In [2]:
!pip install properscoring

Collecting properscoring
  Downloading properscoring-0.1-py2.py3-none-any.whl.metadata (6.2 kB)
Downloading properscoring-0.1-py2.py3-none-any.whl (23 kB)
Installing collected packages: properscoring
Successfully installed properscoring-0.1


In [3]:
# ==============================================================================
#
# Probabilistic Climate Risk Attribution using XGBoost and Bayesian Inference
#
# Project: Develop a workflow to assess the shift in local climate risk 
#          (New York region) by 2050.
#
# Methodology:
# 1.  Data Source: Access ARCO-ERA5 reanalysis data from Google Cloud Storage.
# 2.  Observation Operator: Train an XGBoost model to learn the relationship 
#     between large-scale atmospheric patterns and local climate conditions (downscaling).
# 3.  Risk Definition: Define "Extreme Heat" risk based on historical temperature thresholds.
# 4.  Bayesian Inference: Use the ML model's future projections to update a "prior" 
#     belief about climate risk into a "posterior" belief, quantifying the impact of 
#     climate change.
# 5.  Evaluation: Use the Continuous Ranked Probability Score (CRPS) to evaluate the 
#     probabilistic nature of our forecast model.
#
# This notebook implements the framework discussed with the professor, serving as a 
# general tool for risk attribution.
#
# ==============================================================================


# ==============================================================================
# 1. Setup and Environment
# ==============================================================================
#
# ### 1.1. Import Libraries
#
# First, we import the necessary libraries. You may need to install some of them:
# pip install xarray[complete] gcsfs xgboost scikit-learn scipy properscoring matplotlib
#
import xarray as xr
import gcsfs
import numpy as np
import pandas as pd
import xgboost as xgb
from sklearn.model_selection import train_test_split
from sklearn.metrics import mean_squared_error
import matplotlib.pyplot as plt
import scipy.stats as stats
import properscoring as ps
import dask

# Dask configuration to manage memory usage
dask.config.set({"array.slicing.split_large_chunks": True})

#
# ### 1.2. Connect to Google Cloud Storage
#
# We set up `gcsfs` to access the public Zarr store. No authentication is needed 
# for this public dataset.
#
gcs = gcsfs.GCSFileSystem(token='anon')


# ==============================================================================
# 2. Data Loading and Preprocessing
# ==============================================================================
#
# We access the ARCO-ERA5 dataset, which contains hourly data at a 0.25-degree resolution.
# We will select variables for temperature and precipitation for the New York region.
# To make the computation feasible for this demonstration, we'll use data from 2015-2020.
#
# Define the Zarr store path
zarr_url = "gs://gcp-public-data-arco-era5/ar/full_37-1h-0p25deg-chunk-1.zarr-v3/"
mapper = gcs.get_mapper(zarr_url)

# Open the dataset with xarray and dask
# Using chunks='auto' enables lazy loading with Dask
ds = xr.open_zarr(mapper, consolidated=True, chunks='auto')

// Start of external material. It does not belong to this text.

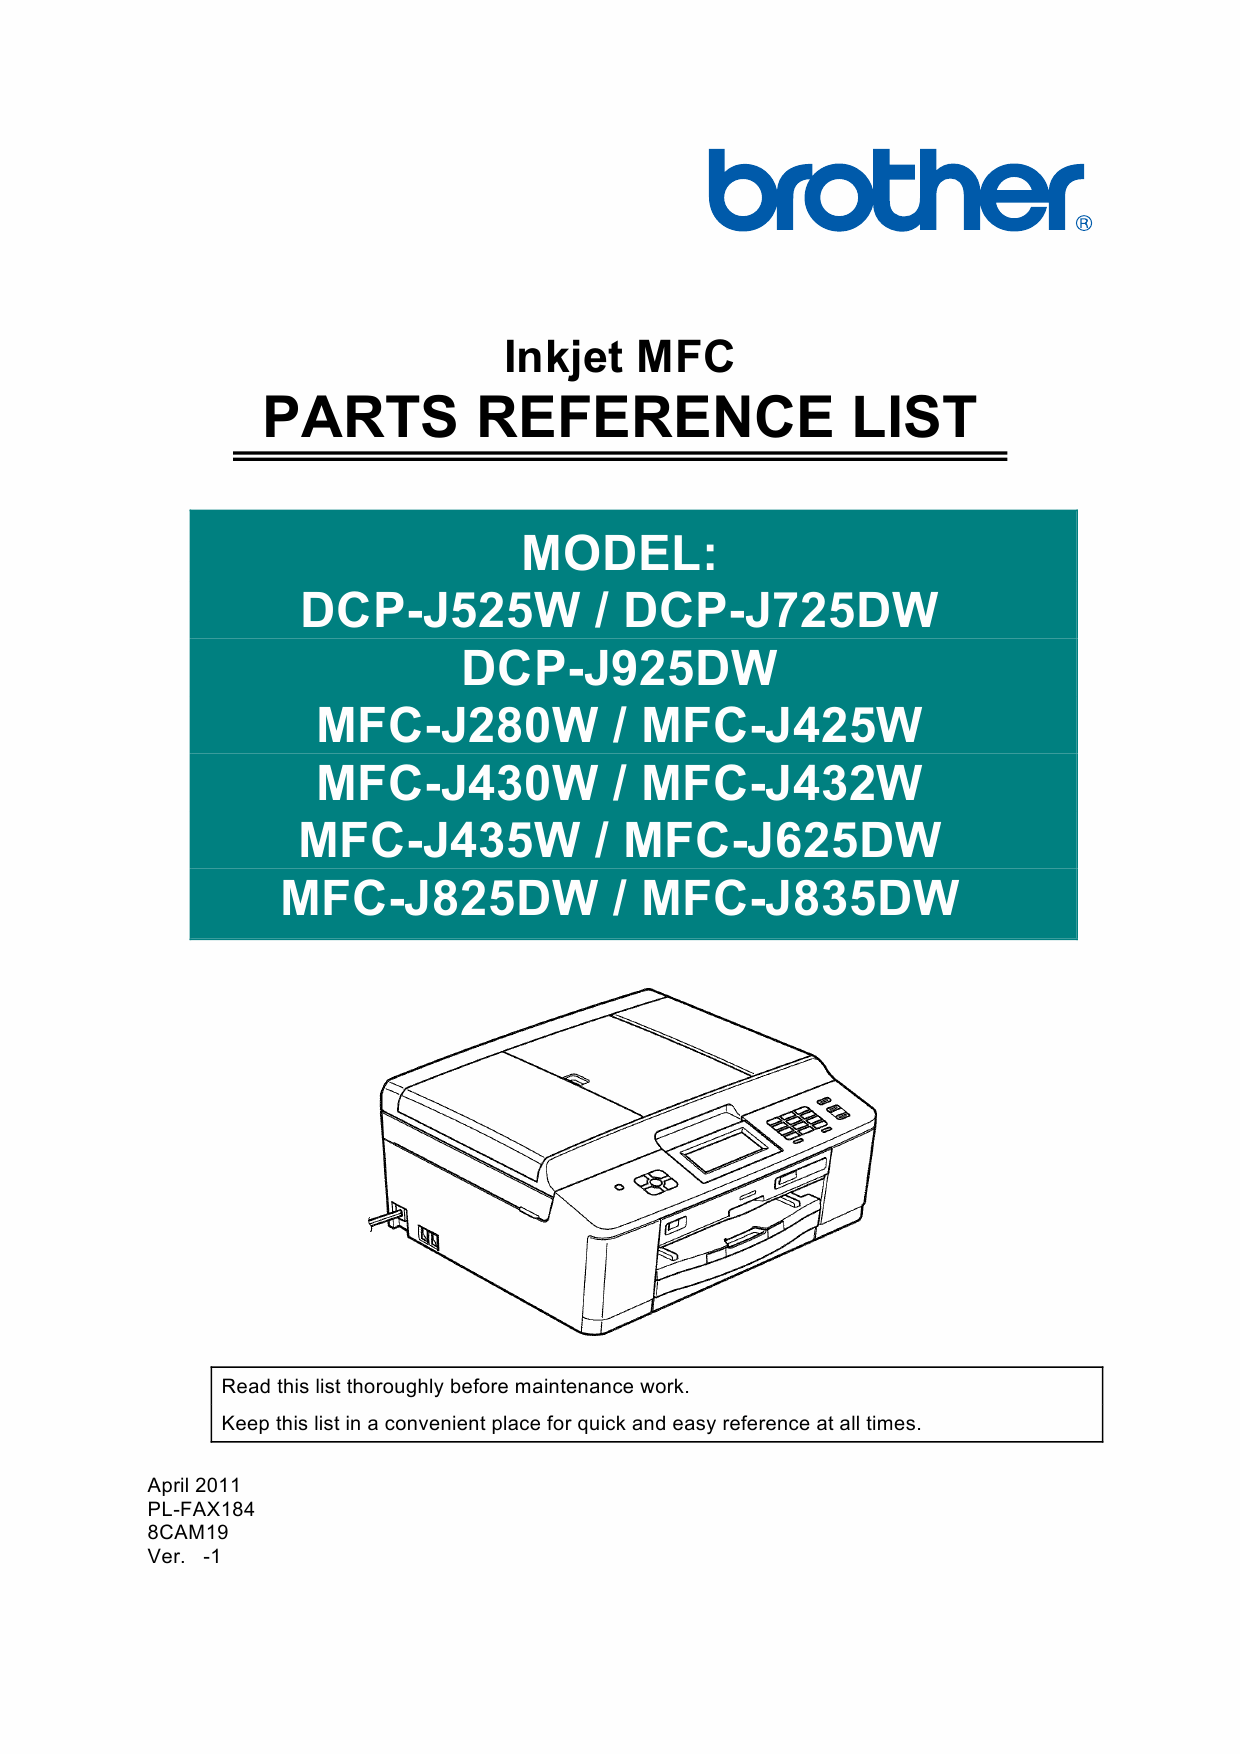 Brother Laser-MFC J280 J425 J430 J435 J625 J825 J835 W-DW DCPJ525 J725 J925 W-DW Service Manual-1

# Define geographical regions
# Local region (target)
NY_LAT_SLICE = slice(40, 45)
NY_LON_SLICE = slice(-80, -71)

# Larger region for predictors (to represent large-scale patterns)
LARGE_SCALE_LAT_SLICE = slice(35, 50)
LARGE_SCALE_LON_SLICE = slice(-85, -65)

# Select variables and time range
# Note: The full dataset is massive. We select a few years for this example.
# For a full study, a longer period (e.g., 1990-2020) would be better.
historical_ds = ds[['2m_temperature', 'total_precipitation']].sel(
    time=slice('2015-01-01', '2020-12-31')
)

#
# ### 2.1. Prepare Predictor (Large-Scale) and Target (Local) Data
#
# The core idea of the "observation operator" is to map large-scale climate to local weather.
# - **Predictors (X):** Daily mean temperature and total precipitation over the large-scale region.
# - **Target (y):** Daily maximum temperature in the local New York region.
#

# --- Create Large-Scale Predictors (X) ---
large_scale_data = historical_ds.sel(latitude=LARGE_SCALE_LAT_SLICE, longitude=LARGE_SCALE_LON_SLICE)

# Resample to daily frequency
# For temperature, we take the mean. For precipitation, we take the sum.
# .mean(['latitude', 'longitude']) averages over the spatial dimension
X_temp_large_scale = large_scale_data['2m_temperature'].resample(time='1D').mean().mean(['latitude', 'longitude'])
X_precip_large_scale = large_scale_data['total_precipitation'].resample(time='1D').sum().mean(['latitude', 'longitude'])

# --- Create Local Target (y) ---
local_data = historical_ds.sel(latitude=NY_LAT_SLICE, longitude=NY_LON_SLICE)

# Resample to daily max temperature for our risk definition (Extreme Heat)
# .mean(['latitude', 'longitude']) averages over the NY region
y_local_max_temp = local_data['2m_temperature'].resample(time='1D').max().mean(['latitude', 'longitude'])

#
# ### 2.2. Convert Units and Create DataFrame
#
# We convert temperature from Kelvin to Celsius and precipitation from meters to millimeters.
# Then, we combine predictors and target into a single pandas DataFrame.
#
# It's time to trigger the computation with Dask's .compute()
# This will load the selected data into memory.
print("Loading and processing data from GCS... (This may take a few minutes)")
X_temp_c = (X_temp_large_scale - 273.15).compute()
X_precip_mm = (X_precip_large_scale * 1000).compute()
y_temp_c = (y_local_max_temp - 273.15).compute()
print("Data loaded.")

# Create the feature DataFrame
df = pd.DataFrame({
    'large_scale_temp_C': X_temp_c,
    'large_scale_precip_mm': X_precip_mm,
    'local_max_temp_C': y_temp_c
}).dropna()

# For a simple model, we'll use lagged features as predictors
# Predict today's local temp from yesterday's large-scale conditions
df['large_scale_temp_C_lag1'] = df['large_scale_temp_C'].shift(1)
df['large_scale_precip_mm_lag1'] = df['large_scale_precip_mm'].shift(1)
df = df.dropna()

print("\nFeature DataFrame created:")
print(df.head())


# ==============================================================================
# 3. Define Climate Risk and Prior Distribution
# ==============================================================================
#
# We define "Extreme Heat" as any day where the maximum temperature exceeds the 95th percentile
# of the historical distribution.
#
# Calculate the threshold
extreme_heat_threshold = df['local_max_temp_C'].quantile(0.95)
print(f"\nExtreme Heat Threshold (95th percentile): {extreme_heat_threshold:.2f}°C")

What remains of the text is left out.